With optimal coloring of the incompatibility graph, the new feature c obtains a minimal set of values needed for consistent derivation of H and G from F. The optimal coloring of the graph above requires three different colors, i.e., three abstract values for c. The tabulated functions G and H can then be derived straightforwardly from the labelled partition matrix. The resulting decomposition is therefore:

The following can be observed:

The tabulated functions G and H are overall smaller than the original function F.

By combining the features x₂ and x₃ we obtained a new feature c and the corresponding tabulated function H, which can be interpreted as c=MIN(x₂, x₃). Similarly, the function G that relates x₁ and c to y can be interpreted as y=MAX(x₁, c).

The decomposition generalizes some undefined entries of the partition matrix. For example, F(hi,lo,hi) is generalized to hi because the column <lo,hi> has the same label as columns <lo,lo> and <hi,lo>.

Finding the Best Attribute Partition

So far, we have assumed that a partition of the features to free and bound sets is given. However, for each function F there are many possible partitions, each one yielding a different feature c and a different pair of functions G and H. In feature transformation, it is important to identify partitions that lead to simple but useful new features. Typically, we prefer features with a small number of values, and those that yield functions G and H of low complexity.

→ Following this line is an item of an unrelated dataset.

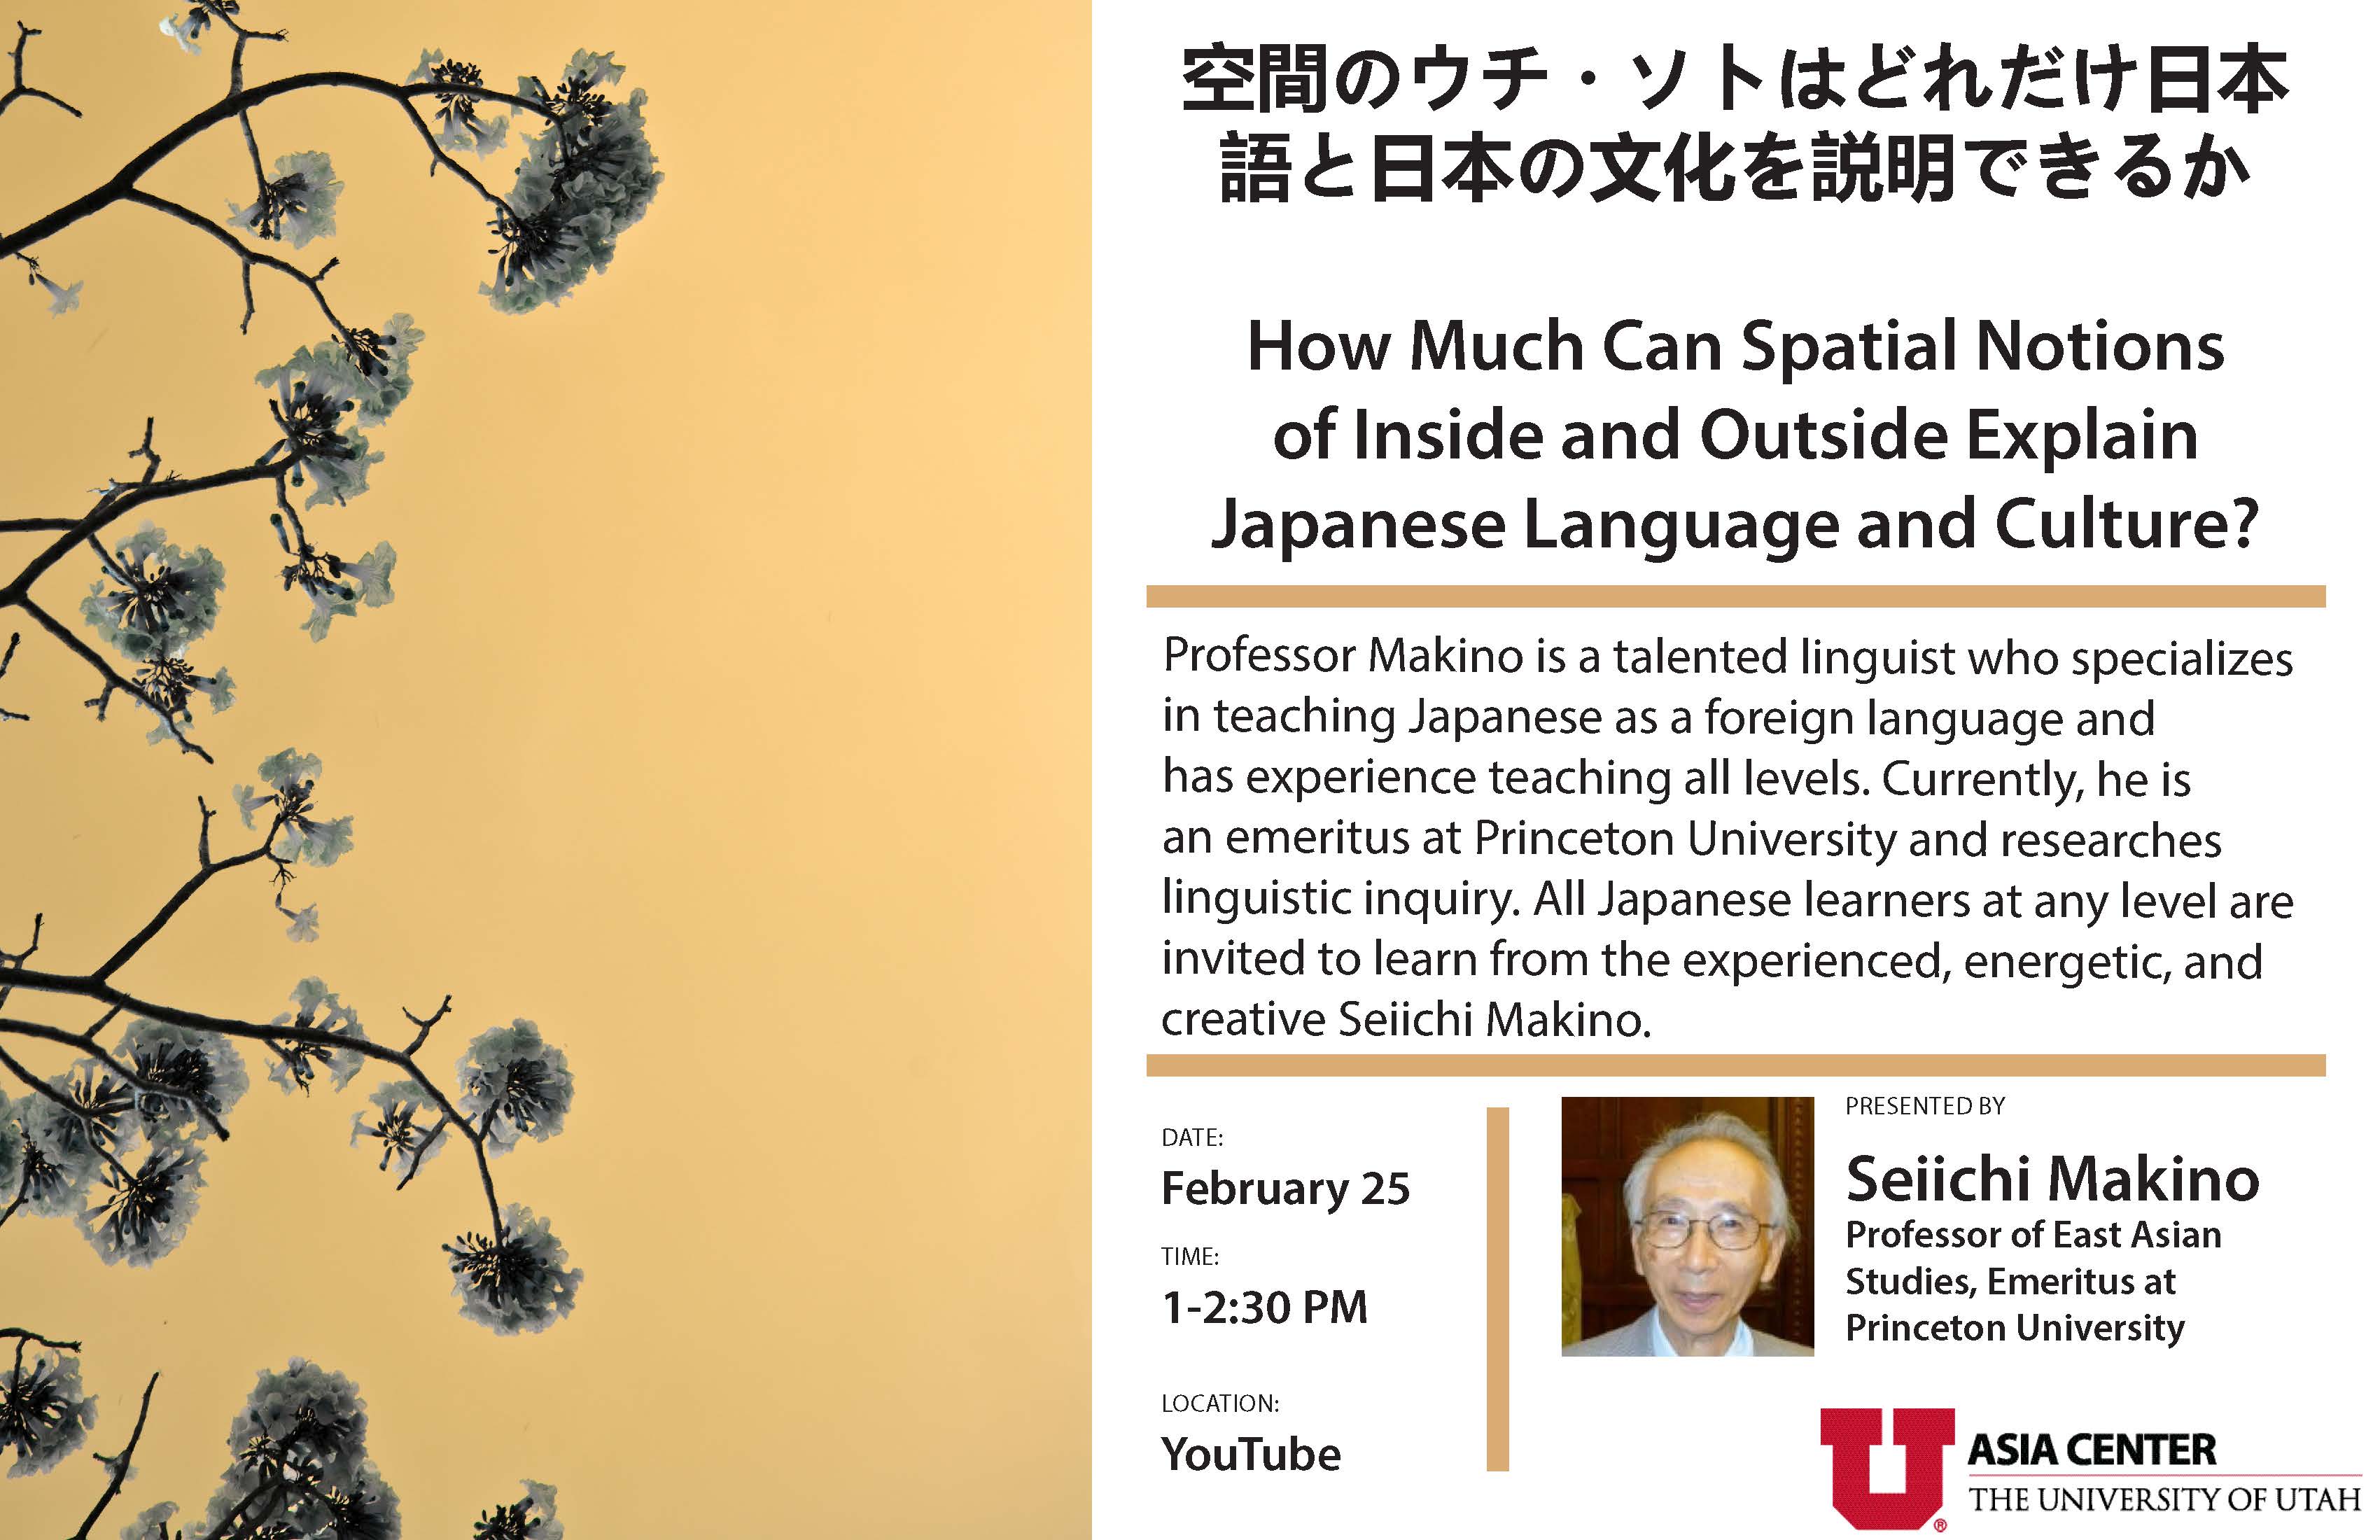 How Much Can Spatial Notions of Inside and Outside Explain Japanese Language and Culture?

The simplest measure for finding good feature partitions is the number of values required for the new feature c. That is, when decomposing F, a set of candidate partitions is examined and the one that yields c with a smallest set of possible values is selected for decomposition.

An alternative measure for the selection of partitions can be based on the complexity of functions. Let I(F) denote a number of bits to encode some function F. Then, the best partition is the one that minimizes the overall complexity of newly discovered functions H and G, i.e., the partition with minimal I(H)+I(G). The complexity of G and H should be lower than that of F, and decomposition takes place only if I(H)+I(G) < I(F) for the best partition.

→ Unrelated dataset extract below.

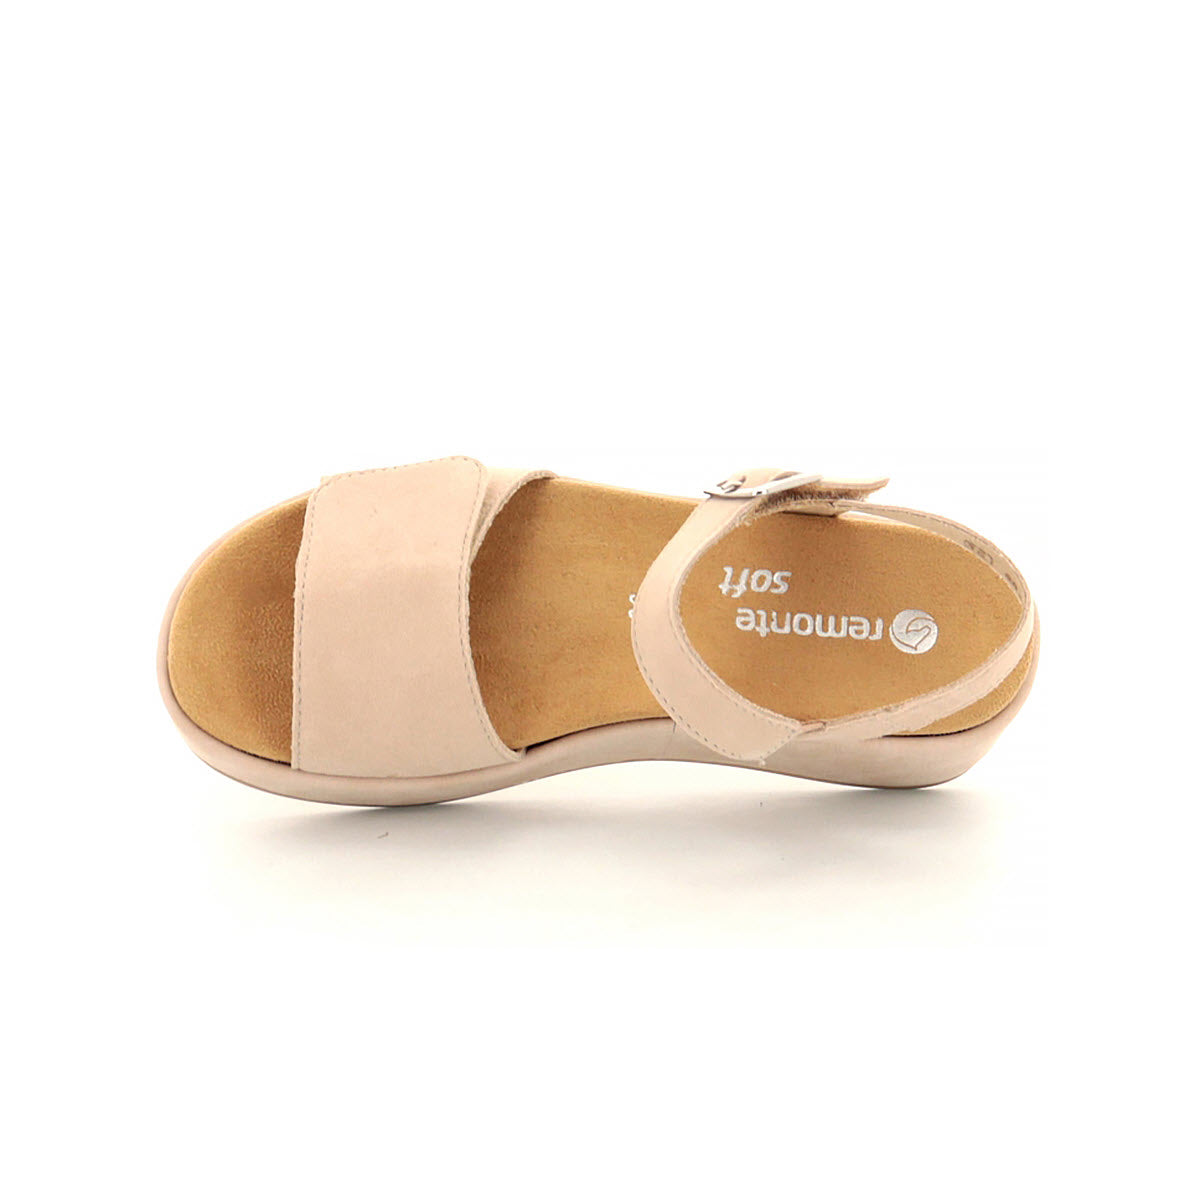 Single blush women&#39;s sandal featuring Remonte&#39;s new style, with a closed toe and open back, viewed from the side, on a white background.

The number of possible partitions increases exponentially with the number of input features. To limit the complexity of search, the decomposition should examine only a subset of partitions. In HINT, the partitions examined are only those with less than b features in the bound set, where b is a user-defined parameter usually set to 2 or 3.

The partition matrix can be very large. However, it is never explicitly represented in the program as HINT derives the incompatibility graph directly from the data. Partition matrix is thus a formal construct used for explanation or analysis of the decomposition algorithm. The coloring of the incompatibility graph is another potential bottleneck. HINT also uses an efficient heuristic algorithm for graph coloring.

Discovering Feature Hierarchies

With all the above ingredients, decomposition enables the discovery of feature hierarchies. Given a data set, it is first pre-processed to remove redundant features and their values. Next, a single-step decomposition is used to decompose the pre-processed tabulated function F to G and H. This process is recursively repeated on G and H until they can not be decomposed further, i.e., their further decomposition would increase the overall complexity of resulting functions.